BM25 offers the option to weight fields individually. Before individual field statistics are integrated into document-level statistics, field weights act by multiplying the raw term frequency of a field. This accomplishes two major goals: it captures relative field significance and creates a generalizable ranking mechanism.

The query integrates term and collection statistics throughout fields when scoring matches. This enables it to score each match as though all of the selected fields were merged into a single field. (Please note that this is a best effort; combined_fields makes some estimations, and scores will not precisely follow this model).

You can boost single fields with the caret (^) notation. In the example below, the abstract field receives a boost of 2; the score is computed as if each term in the abstract existed doubly in the synthesized combined field.

GET my_index/_search
{
  "query": {
    "combined_fields" : {
      "query":      "machine learning",
      "fields":     ["abstract^2", "content"]
    }
  }
}

In the combined_fields query, it is required that field boosts be equal to or more than 1.0, and it is allowed to be fractional.

When should you use a multi_match query or combined_fields query? Main differences

The main difference between the combined_fields query and the multi_match query is that the combined_fields query supports only text fields, and accepts text fields that share the same search analyzer. The multi_match query, on the other hand, supports both text and non-text fields, and it also accepts text fields that don’t share the same search analyzer.

The combined_fields query offers a logical way of matching and scoring across numerous text fields.
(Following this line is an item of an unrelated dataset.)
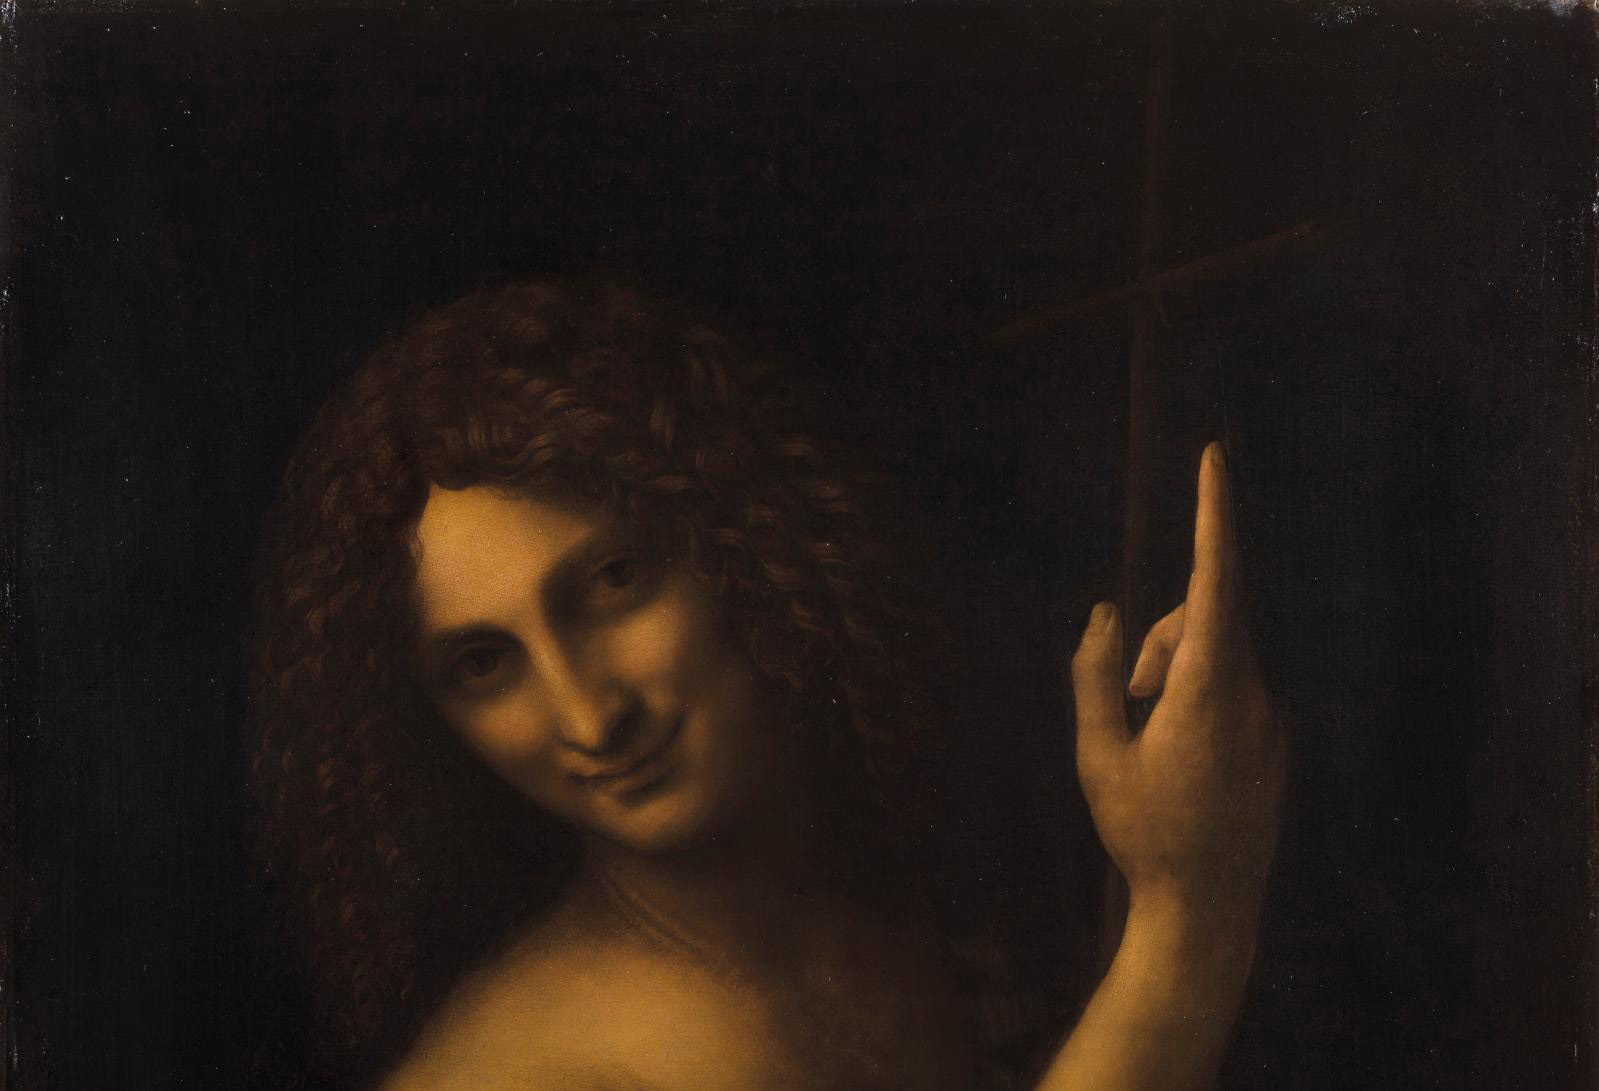 Leonardo da Vinci (1452-1519), Saint John the Baptist, Paris, France, Louvre Museum, Department of Paintings, INV 775/MR 318, between 1513
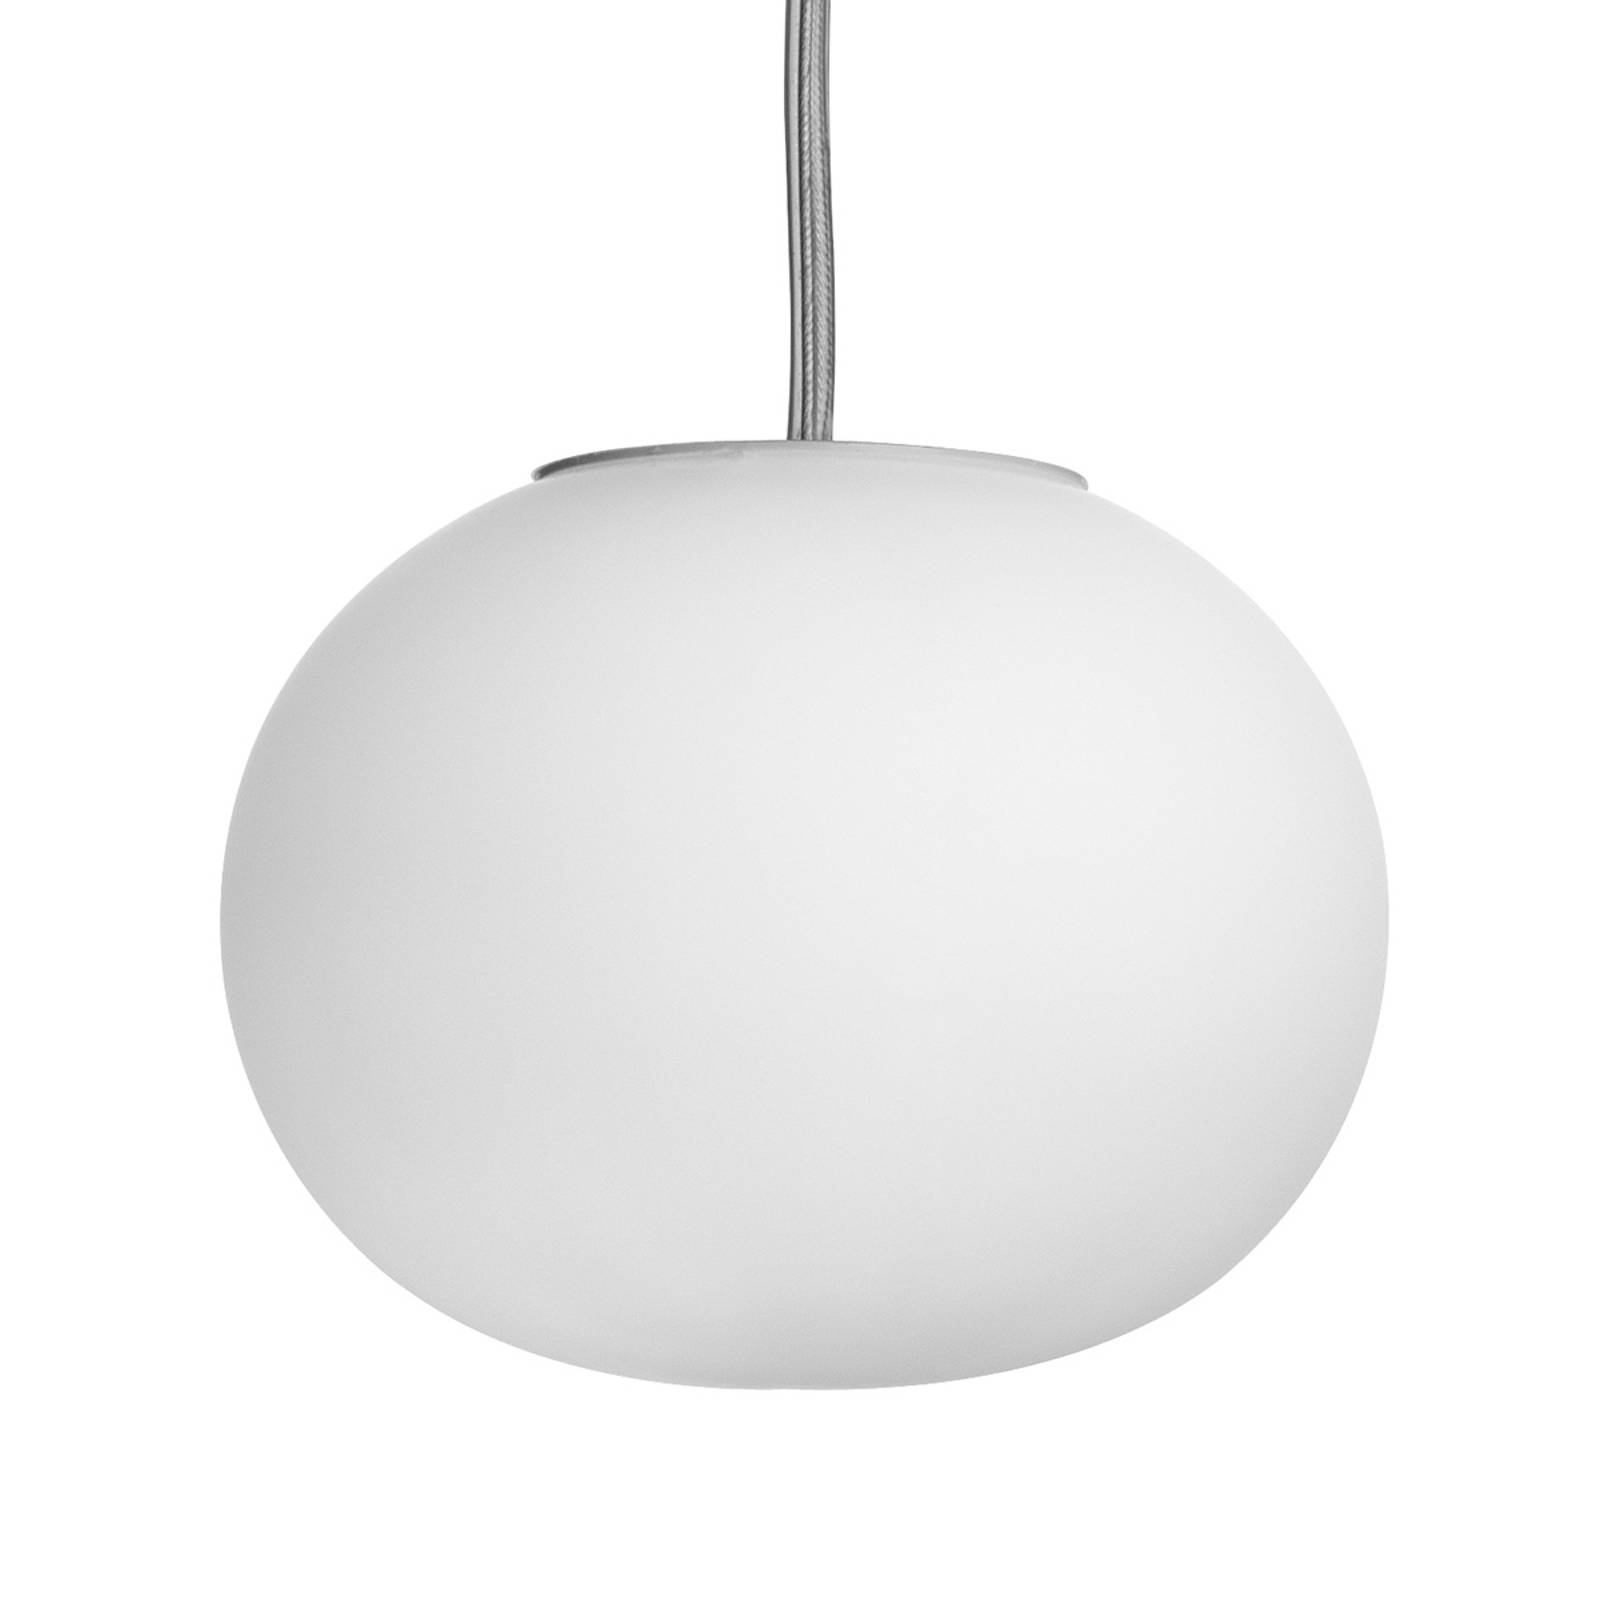 FLOS Mini Glo-Ball S - kugelförmige Hängeleuchte

This necessitates the use of the same search analyzer across all fields.

The multi_match query may be a better fit if you desire a single query that handles fields of various types, such as keywords or integers. It allows both text and non-text fields, as well as text fields with different analyzers.

The second difference between the two is that best_fields and most_fields multi_match modes take a field-centric viewpoint to the query. Combined_fields, on the other hand, is term-centric, with operator and minimum_should_match applied per-term rather than per-field.

The cross_fields multi_match mode additionally applies operator and minimum_should_match per-term and uses a term-centric approach. The key benefit of combined_fields over cross_fields is the BM25F algorithm’s robust and interpretable scoring strategy.

The combined_fields query has a simpler API than the multi_match query, and it skips many parameters including analyzer, fuzziness, and all of the associated parameters, as well as lenient, slop, and tie_breaker.

Notes and good things to know

In the combined_fields query, the number of fields that may be queried at once is limited. It is determined by the search settings indices.query.bool.max_clause_count, which is set to 1024 by default.

Only the BM25 similarity is presently supported by the combined_fields query (which is the default unless a custom similarity is configured). Similarities per_field are also not permitted. In each of these circumstances, using combined_fields will result in an error.

The main benefit of combined_fields is the robust and understandable scoring algorithm.